= Augustus Ulyard =

American politician (1816–1900)

Augustus or August Ulyard (1816–1900) was the first American-born professional baker in Los Angeles, California, after the 1850 U.S. statehood of California. In 1856–57, he was a member of the Common Council, which oversaw the governance of the young pueblo.

==Personal==
Ulyard, whose parents were French, was born on February 22, 1816, in Philadelphia, Pennsylvania, where he learned to be a baker.

He enlisted as a Texas Volunteer in the Mexican War, after which he went to St. Louis, Missouri, where he married Mary Field of England. The couple had no children of their own but, after they arrived in Los Angeles, "at different periods" they "adopted homeless children until there were seven in all."

The couple arrived in Los Angeles on December 31, 1852, after crossing the country with a wagon train of pioneers that left from Council Bluffs and pursued the Southern Emigrant Trail through the Cajon Pass and San Bernardino.

According to Ulyard's obituary in the Los Angeles Times, "At that time there were but five American women in Los Angeles aside from Mrs. Ulyard. The town consisted of a small group of adobe buildings in the neighborhood of the Plaza."

Ulyard died on August 5, 1900.

==Professional life==

===Bakery===

Ulyard rented an adobe and set up a bakery business, using yeast that his wife brought across the Great Plains to their new home. Ulyard "soon sought a new location on the outskirts of the pueblo, at First and Main Streets," later occupied by the Natick House. Later he moved to the southwest corner of Fifth and Main, the site of the Alexandria Hotel.

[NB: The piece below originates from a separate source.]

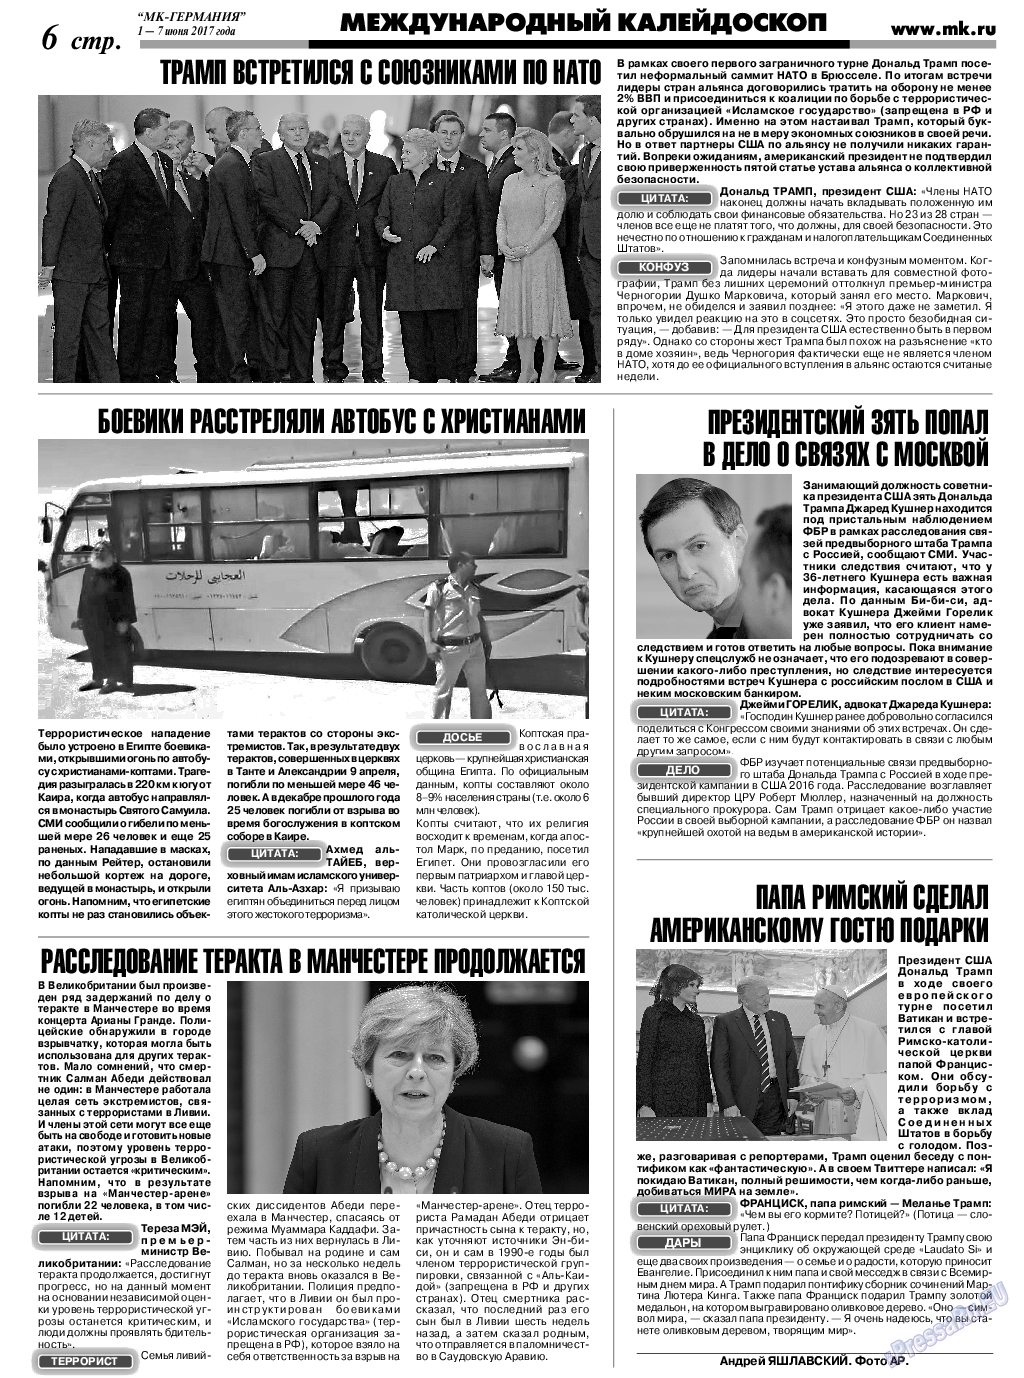 МК-Германия, газета. 2017 №23 стр.6
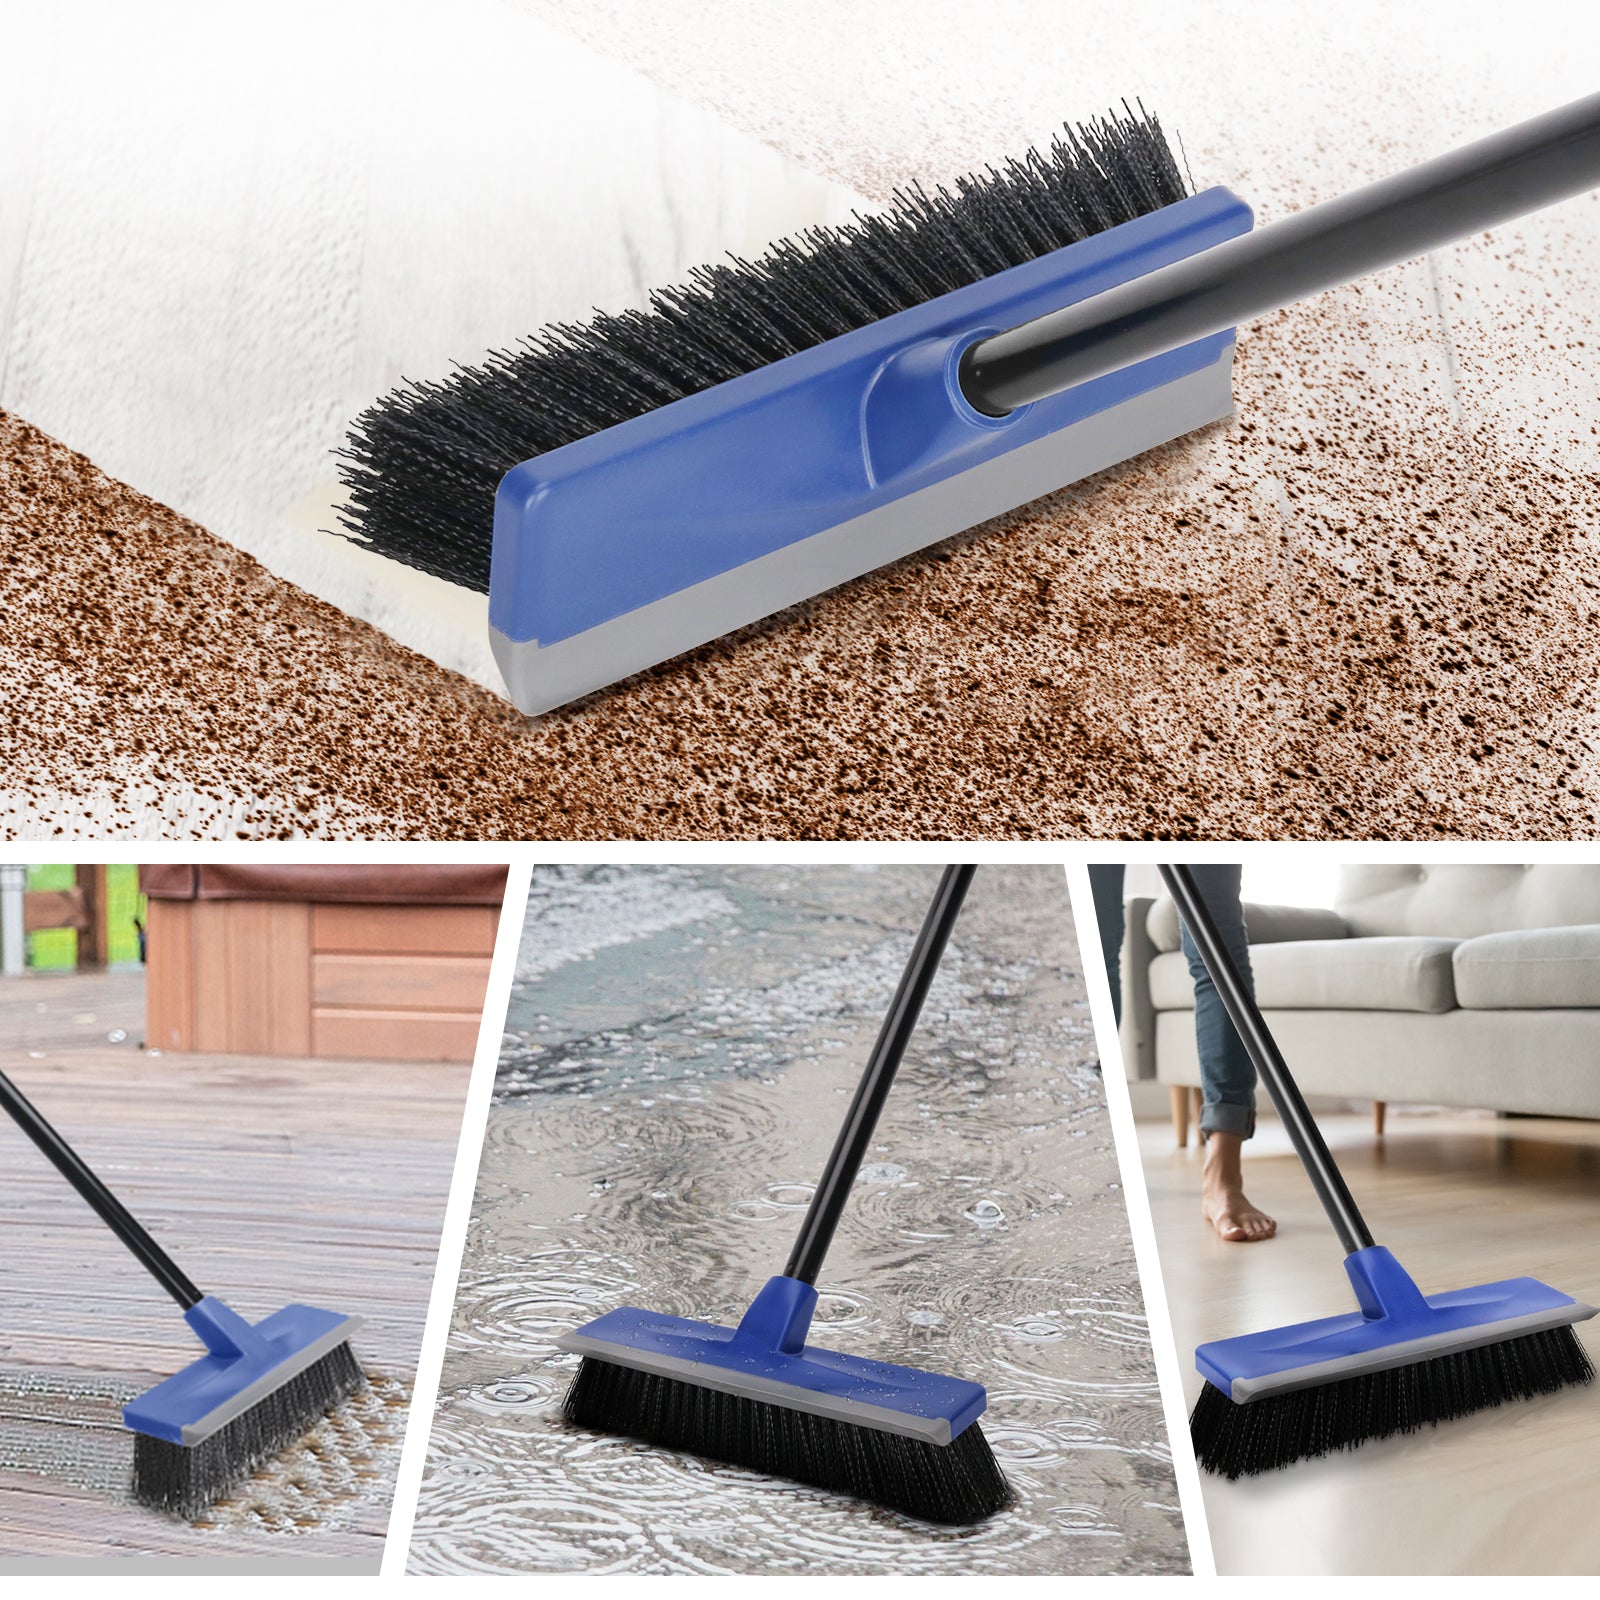 Floor Scrub Brush 2 in 1 Scrape and Brush Long Handle Wiper Stiff Bristle  Magic Broom Brush Squeegee Tile Kitchen Cleaning Tools - AliExpress

Ulyard was the first American-born baker in Los Angeles, naming his shop the American Bakery. He competed with Joseph LeLong, who was running his Jenny Lind Bakery and baking French bread. Ulyard made "German and American bread and cake, which soon found favor with many; later he added freshly-baked crackers," which he advertised as "baked in Los Angeles, and superior to those half spoiled by the sea voyage" from San Francisco.

The bakery was taken over by Louis Mesmer and then by James Rowan and his son, Thomas E. Rowan. The building was damaged by fire in December 1869, a circumstance that led to the establishment of Los Angeles's first organized fire company.

===Stagecoach===

In the 1870s, Ulyard began a stage business. This business had a conveyance drawn by four horses from Los Angeles at 7:30 each morning and returning from Santa Monica at 3:30 in the afternoon, "calling at all four Los Angeles hotels as well as the private residences of prospective patrongs." The fare was one dollar.

===Public service===

In 1856, Ulyard helped organize the Republican League in California and worked on behalf of the John C. Fremont campaign for president in 1856. He was elected to the Los Angeles Common Council on May 5, 1856. Ulyard was reelected once, serving until June 22, 1857, when he resigned.

===Anecdote===

In 1889, the Ulyards went to police court in Los Angeles and swore out a complaint against a book agent who, they said, "had seized her [Mrs. Ulyard] by the arm and handled her in an exceedingly rough manner" when she, following her husband's precedent of several days previous, refused to purchase a copy of a "history of Southern California" in which appeared a biography of Mr. Ulyard. "The officers are looking for the fellow," the Times reported.